What does it mean to take pleasure from food? Of course it has everything to do with taste, smell, the feel and sense of the experience. But can we extend this? Moving into the realm of aesthetics seems fair. This is to say, the company we keep, the background music we play, even the setting of the table contributes to the overall pleasure of the meal. As has been said, beer, for instance, tastes best when shared with people you love and respect. But there’s more. Preparing food, making food, this is an act of creation. We are the creators. We plan, mull over, select, and then act. Our creation is shared and enjoyed. This kind of pleasure reaches beyond the individual. This is a collective act, and in being so it cannot be experienced alone.

But this all takes place after the growth, harvest, hunt, slaughter, or fermentation, each a primary act (before cooking) that can be pleasurable as well. Berry tells us “a significant part of the pleasure of eating is in one's accurate consciousness of the lives and the world from which food comes.” This kind of difference, between knowing your food’s origin and being ignorant to it, is not something that can be measured scientifically—there is no instrument for this.
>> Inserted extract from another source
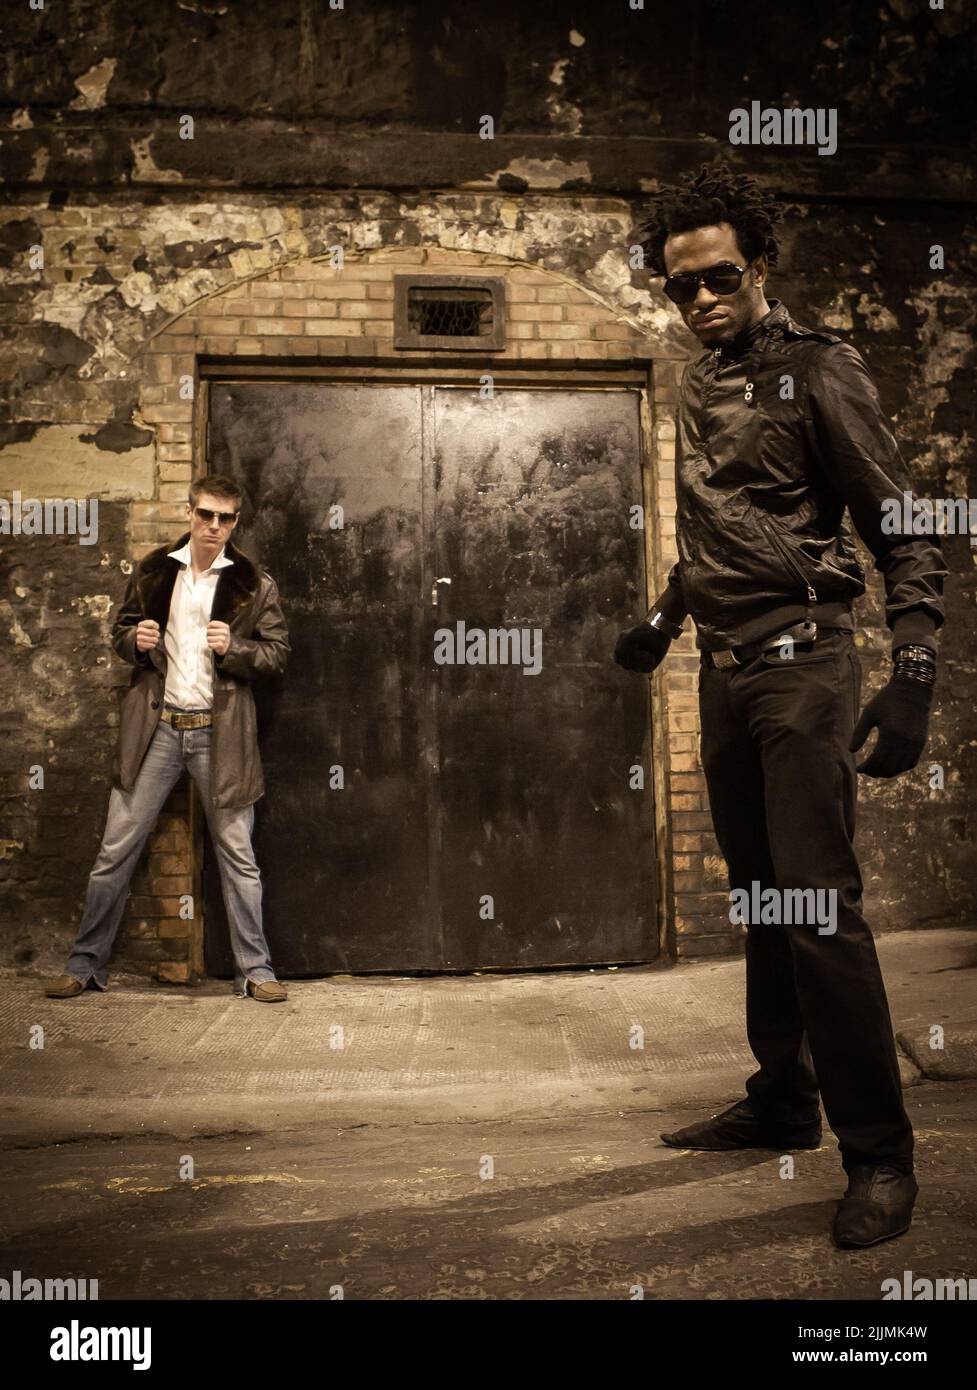 Türsicherheit. Ein Paar Sicherheitskräfte im Nachtclub, die an einem anonymen Eingang in einer städtischen Umgebung Wache halten. Aus einer Serie mit den gleichen Modellen. Stockfoto
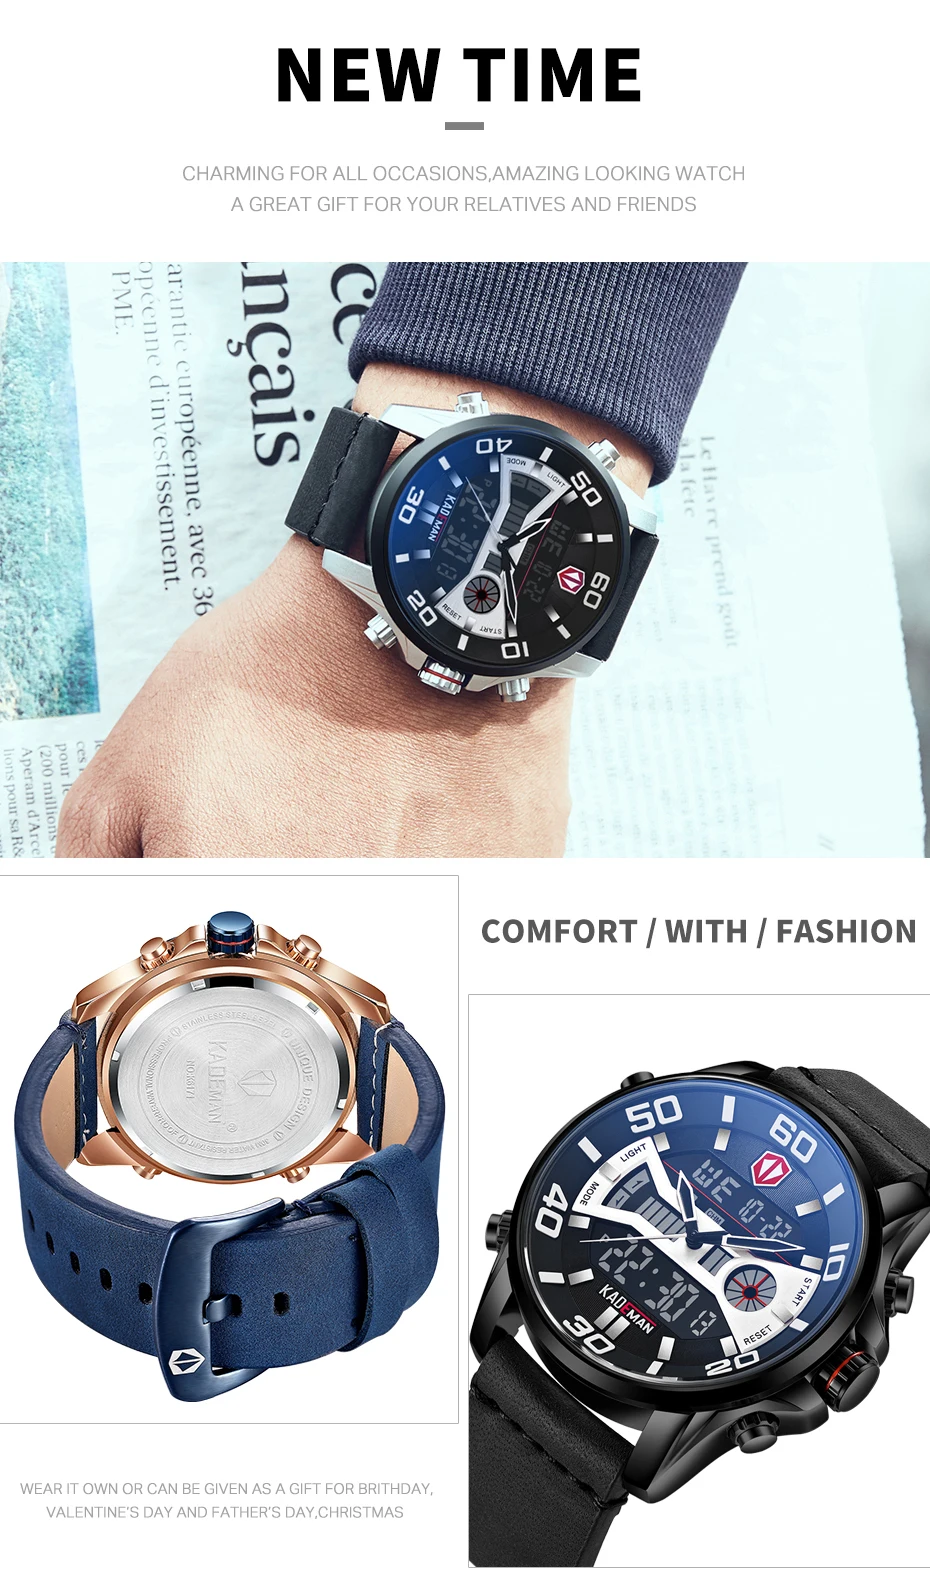 Оригинальные мужские часы KADEMAN New Tech Series Роскошные спортивные часы 3ATM светодиодный дисплей наручные часы повседневные кожаные часы Relogio Masculino

Economically too there is difficulty in deciphering importance. In fact there is little common language for expressing a spiritual connection, as we are no longer much of a spiritual society. But Berry asks us to go here anyway, specifically too for the sake of pleasure. The simple act of knowing is important in itself.

Yet each process that takes place before we cook (or have dinner served) is brutal or violent in its own way. Each takes place “out-of-doors” and miles away from the supermarket, co-op or farm market. Moreover, each process involves "resources" that we ourselves did not create, resources that only require our stewardship and care (and even that may be an overestimation). People, for instance, don't make wine. Yeast does. Seeds become plants independent of the people who planted them. Animals simply are their own meat. We may express our influence upon these things, but we did not create them; they are not borne of our own conception. SoufflĂ©, on the other hand, is something we created.

Perhaps that’s why the acts of agriculture and horticulture are seen by many as brutal. Too often we try to master nature, to make it our servant, to force it to bend to our will. But as Katrina, the Gulf oil spill, the Dust Bowl, Japan's nuclear disaster, and countless floods, hurricanes, and snowstorms have shown, we are not really in charge; in fact, we are hardly in control. And perhaps our desire for control is also the root of our disconnect, our ‘original food sin’, our disenchantment. By acknowledging the limitations of our control, however—and by giving up the infinite options for food provided to us by often faceless corporations—we can in fact become empowered. In the words of Berry, “eating with the fullest pleasure—pleasure, that is, that does not depend on ignorance—is perhaps the profoundest enactment of our connection with the world.”

Is this a zero sum game, practically speaking? Must I denounce much of society to re-enchant my life? Must I pay premiums for “green” food? And what about those who cannot afford it? Change takes place in many forms both small and large. Perhaps the best way to begin answering this question is to meditate on the heart of Berry’s message, which I think benefits from a little explication. Yes, eating is an agricultural act—we eaters are often at the end of a commodity or value chain. But eating is also a social and spiritual act, one enhanced when we learn the origins of food, when we begin to participate, and when we take on the responsibilities of being a good “food citizen”. My point then is that starting to make a change is much better than no change at all.